Chris Paul was out with a groin injury, Trevor Ariza was out with a hamstring injury. Eric Gordon left the game with a back injury. Those three combine to average 51 points, 12.8 assists and 12.9 rebounds per game.
The Orlando Magic are not a particularly good team, and they were without their best player, Aaron Gordon. It didn’t really matter — they were hitting shots, especially down the stretch, at a crazy high level. On the other side, Harden did what he so often does: held the ball, controlled the game. It worked more beautifully than it ever had before.
The shot that he hit to give him the Rockets’ franchise single-game scoring record — a stepback, three-pointer while getting fouled — will likely go down as an iconic moment in a Hall of Fame career. It is his signature shot, and he hit it at the perfect moment, in the perfect way.
With this shot, #JamesHarden sets his career-high and breaks Calvin Murphy's @HoustonRockets franchise record of 57 points! pic.twitter.com/y2lDuMQwvv
— NBA (@NBA) January 31, 2018
He scored his 60 on 30 shots, including 14 from behind the arc. He hit 14 of his 16 two-point attempts, and 17 of his 18 free throws. This was The James Harden game to end all James Harden Games.
The Rockets have one target this year, and it’s in Oakland, California. That team lost Tuesday night, on the business end of a 30-point spanking from the Utah Jazz. The Rockets are now three games behind Golden State — just two in the loss column — and hold the all-important tiebreaker.

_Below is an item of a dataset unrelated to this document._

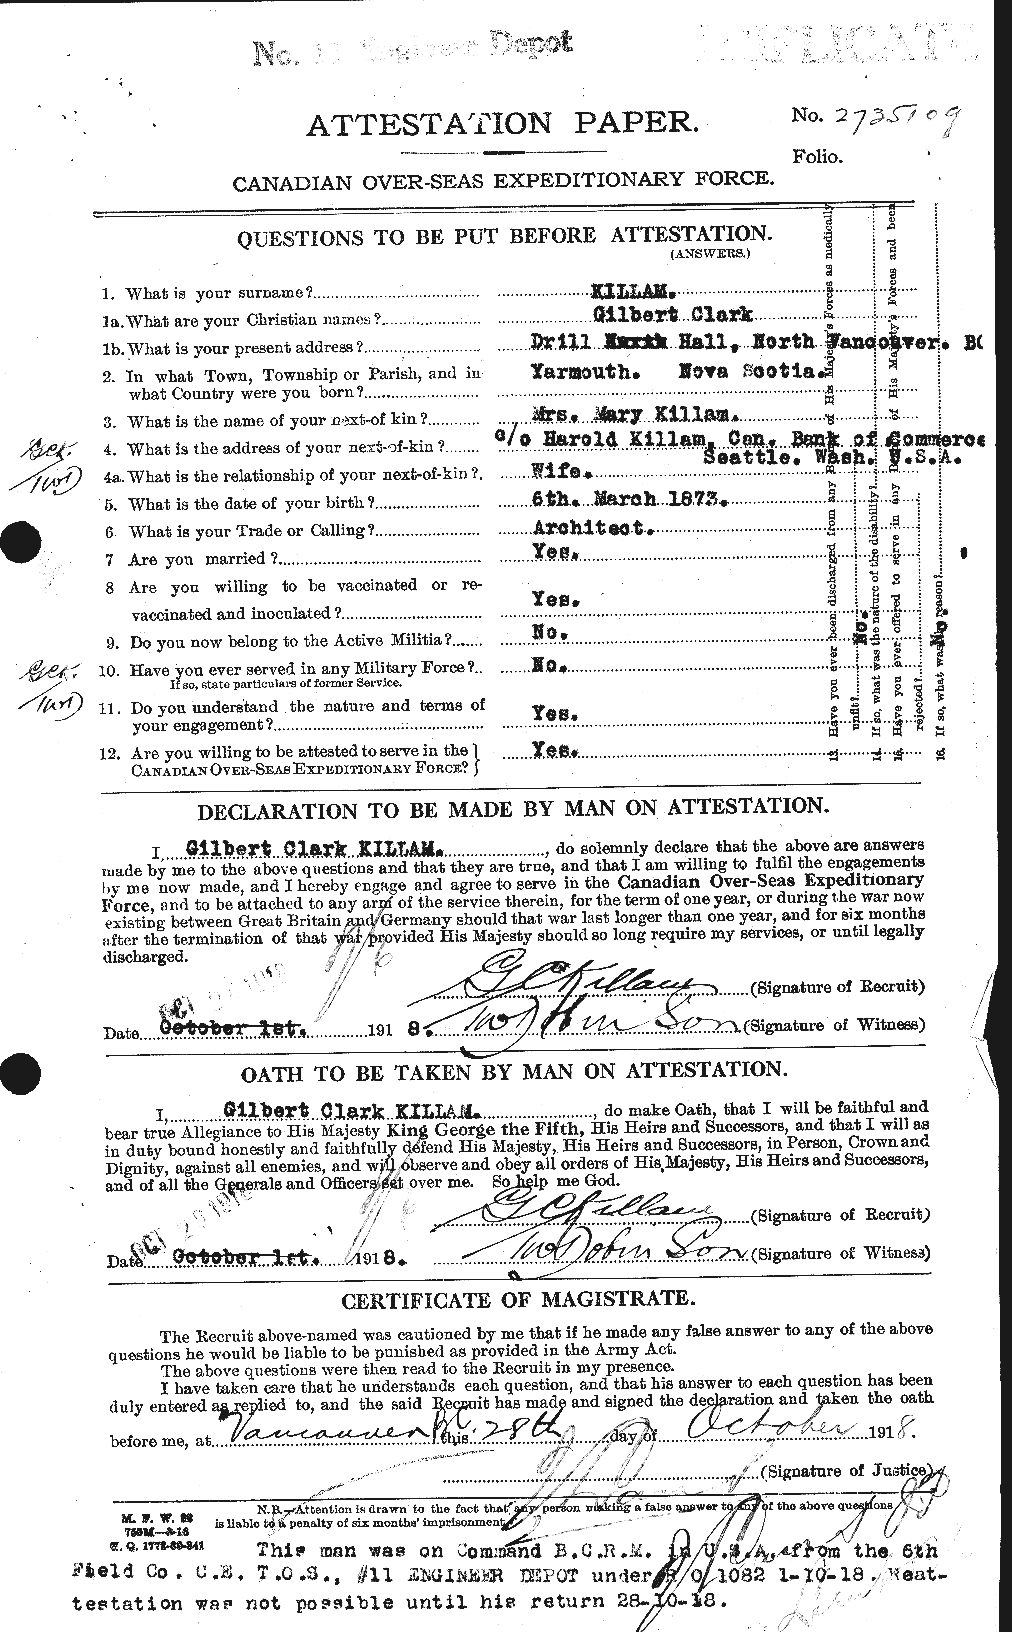 Personnel Records of the First World War - CEF 433984a

Harden played 46 minutes Tuesday, and make no mistake, before March is over, we’ll hear hand-wringing about rest and fatigue. Deservedly so. I will probably be among the hand-wringers! But any chance to actually capture the top seed in the West must be chased after. The Rockets have won just two games against the Warriors in their two playoff matchups over the last three years, and both were in Houston. Three games is no small gap against the Warriors, but it’s not a chasm either.
Let’s return to Harden, though. There is already talk about how this game put him back on top of the MVP race. I’m not sure who was supposed to be ahead of him before tonight considering he’s the league’s leading scorer and the engine of its second-best team playing with (for now) no other All-Stars.
Setting aside how dumb the national media is about Harden, this night is his. He got the rare LeBron-Kobe double tweet.
C’mon @JHarden13!!! Now that’s insane G! 60 point Triple Dub. Sheesh!!!
— LeBron James (@KingJames) January 31, 2018
@JHarden13 #60 #tripdub @DrinkBODYARMOR #obsessionisnatural
— Kobe Bryant (@kobebryant) January 31, 2018
He passed Russell Westbrook as the highest-scoring triple-double in NBA history, and needed 10 fewer shots to do it, of course. It should be said that Harden’s 53-point, 17-assist, 16-rebound masterpiece still had a higher game score on basketball-reference than Westbrook’s 57-pointer, but none of that matters now.
James Harden stands alone in the history books, alone on top of the NBA for the moment. It is where the Rockets needed him to be on a night without half of his teammates.
As he has done since he arrived in Houston, he gave his team exactly what it needed: everything.